BEGIN Collected material

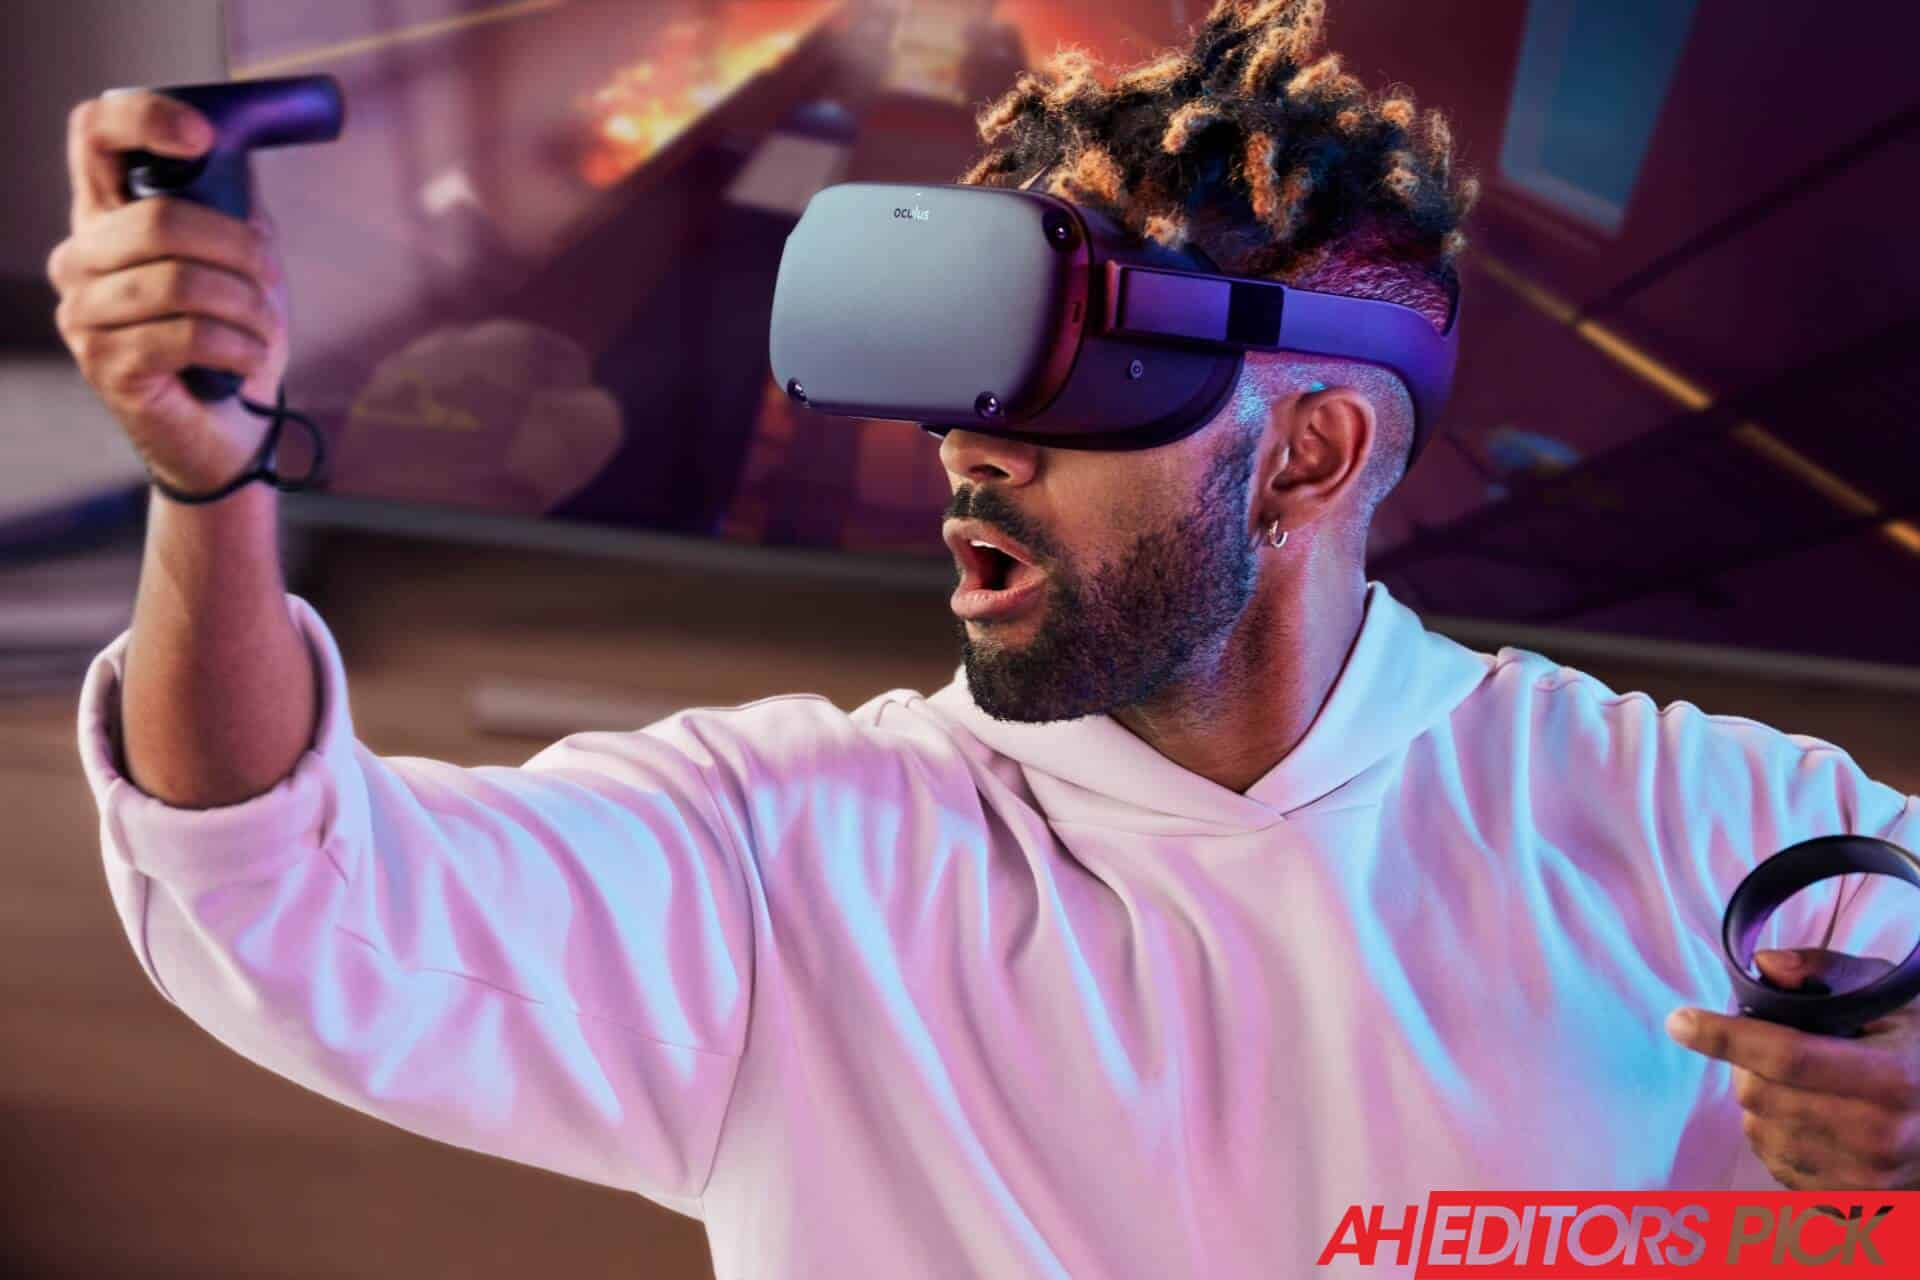 Oculus Quest Editors Pick
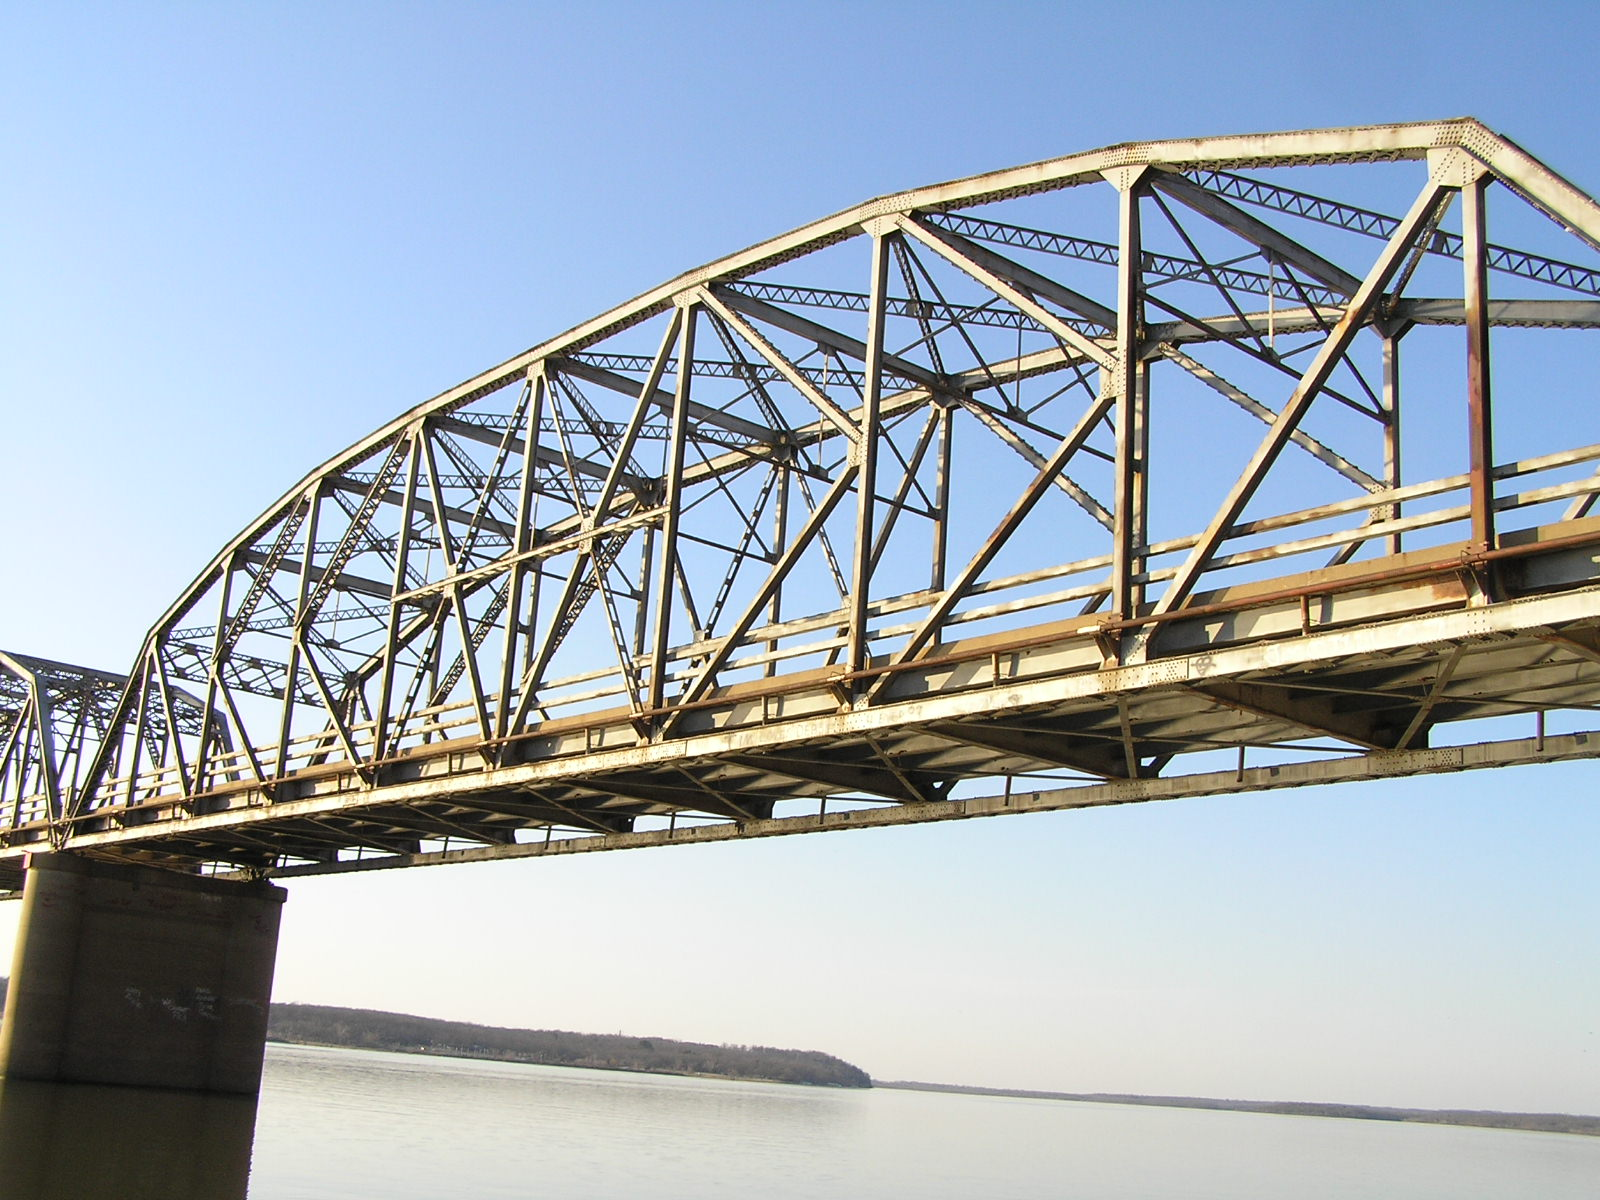 truss bridges in oklahoma
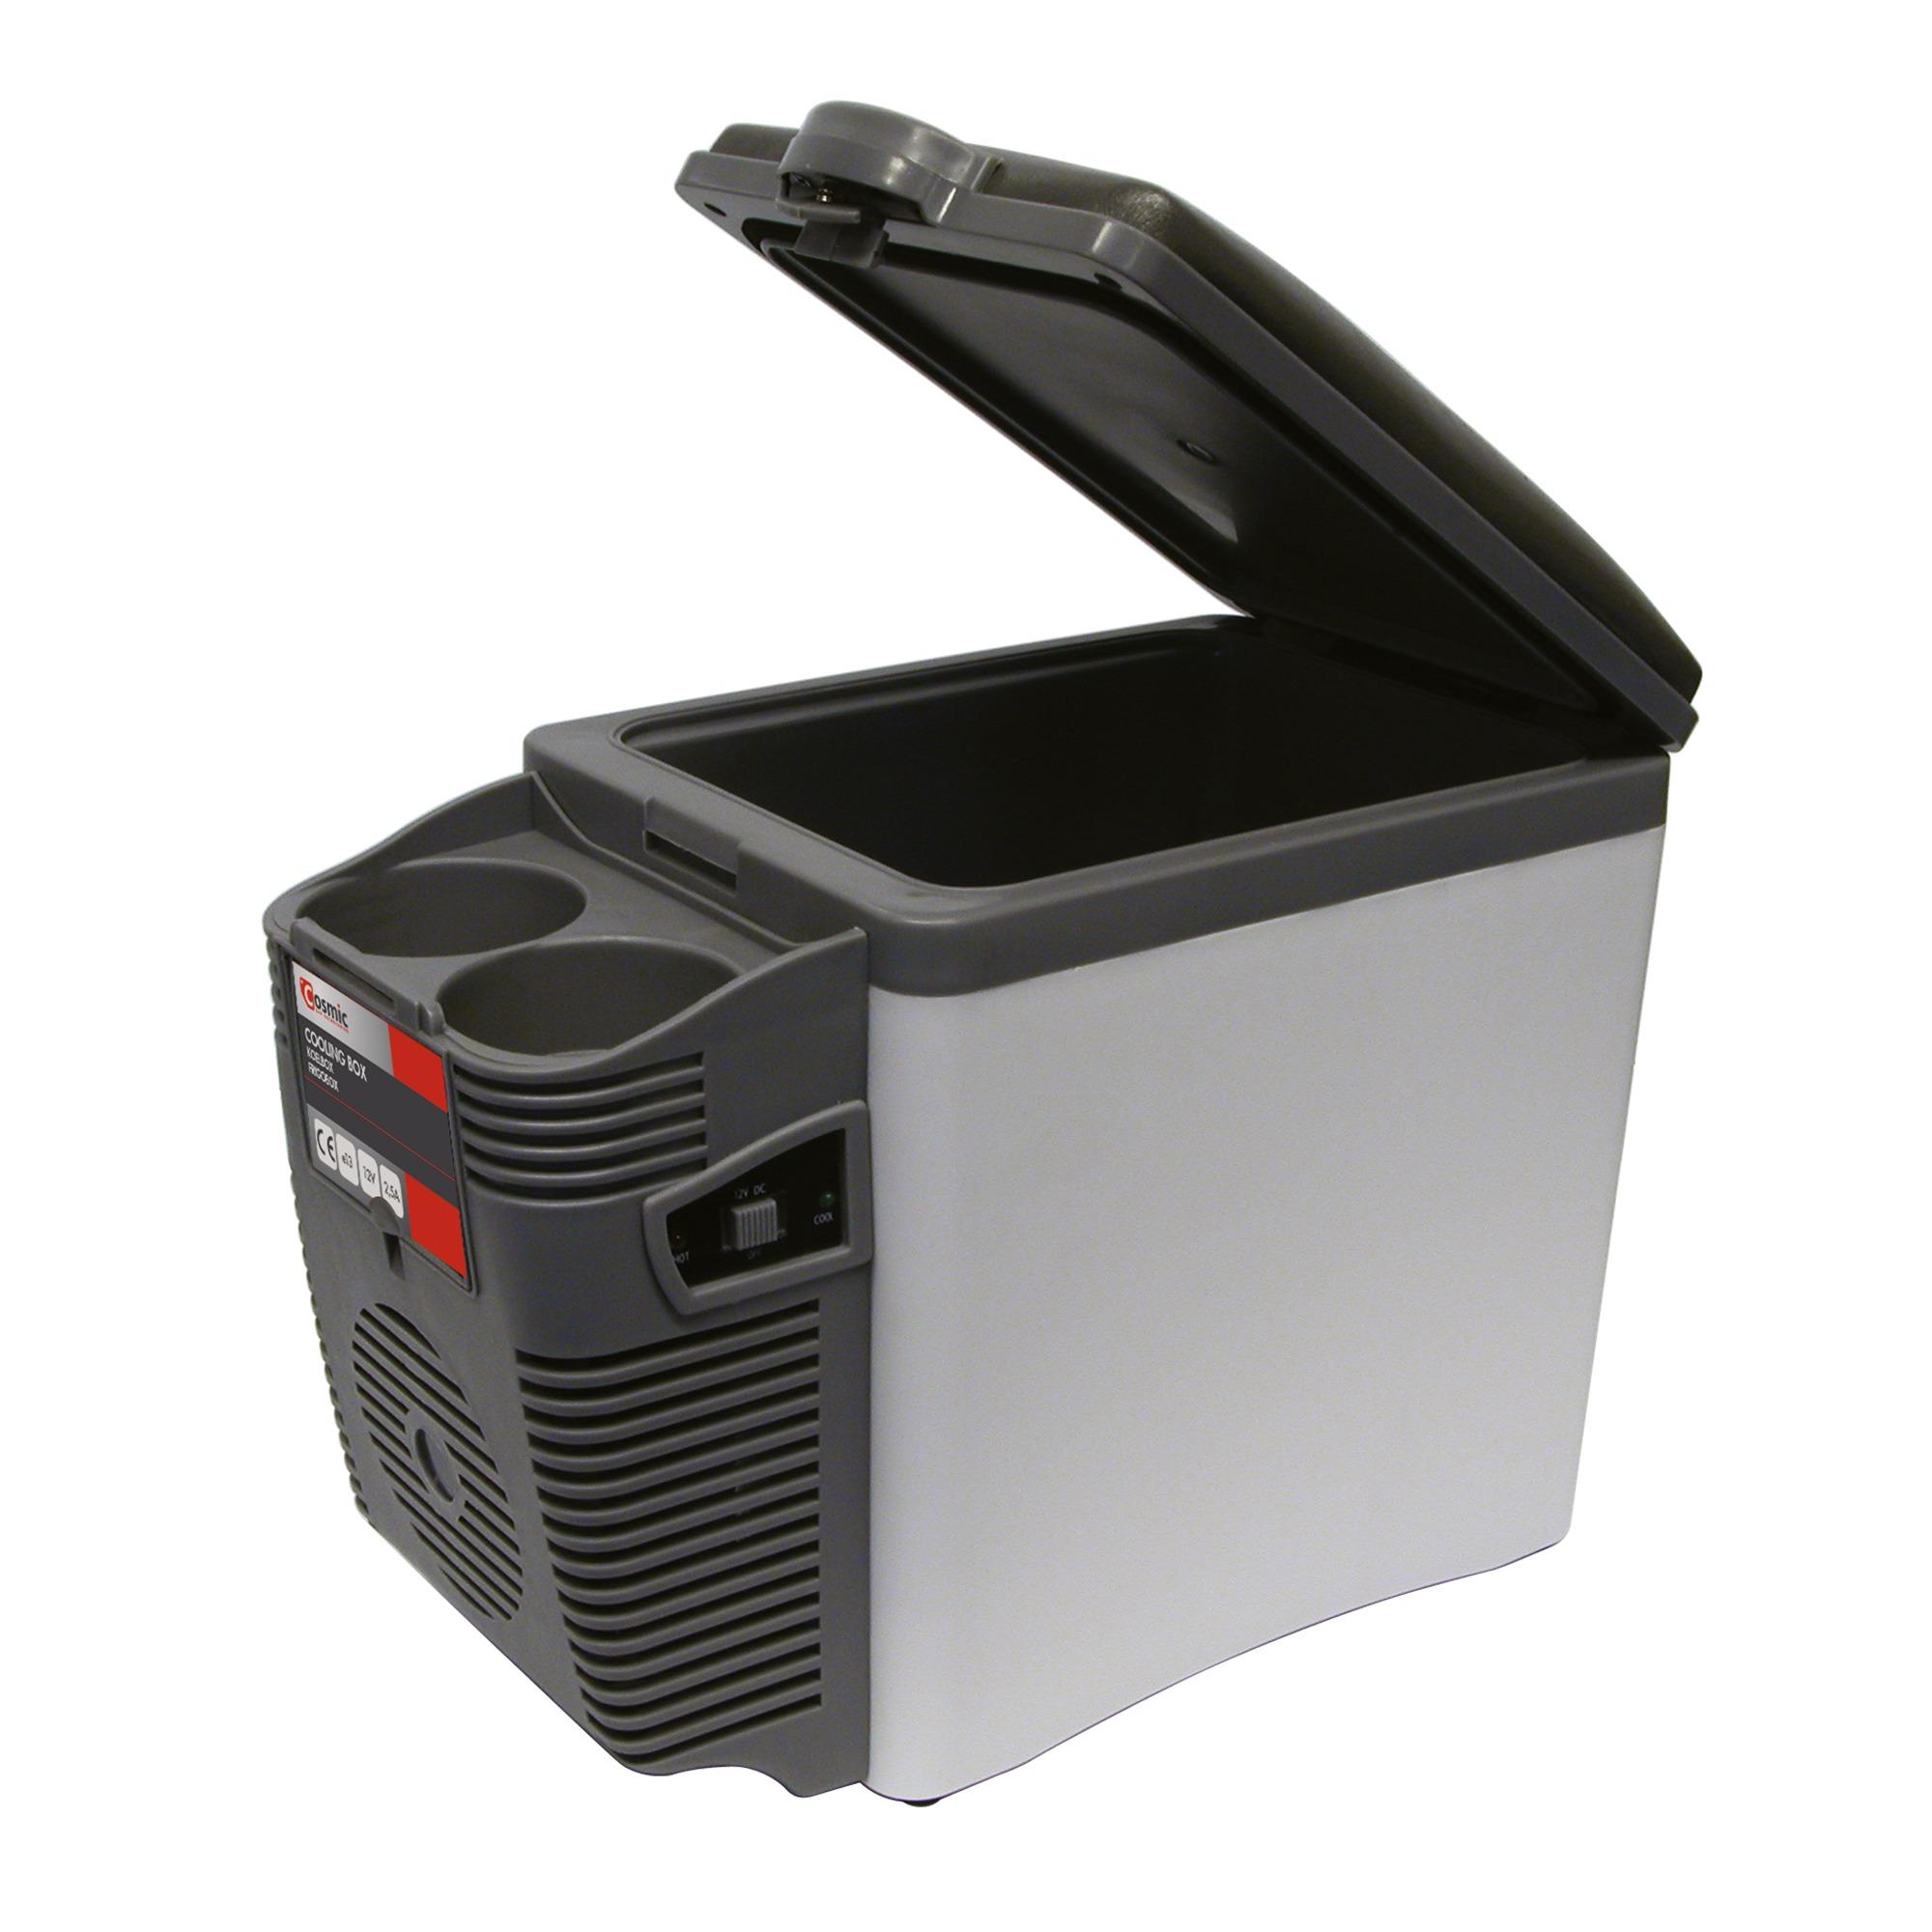 koelbox heet en koud 12 v 6 liter interieuraccessoires autoaccessoires auto fiets gamma. Black Bedroom Furniture Sets. Home Design Ideas

END Collected material

● Assignment
No pictures go in the copy. Output exactly the lines from the line containing "truss bridges in oklahoma" through the end of the listing above.

● Exercise answer
 truss bridges in oklahoma
 koelbox heet en koud 12 v 6 liter interieuraccessoires autoaccessoires auto fiets gamma. Black Bedroom Furniture Sets. Home Design Ideas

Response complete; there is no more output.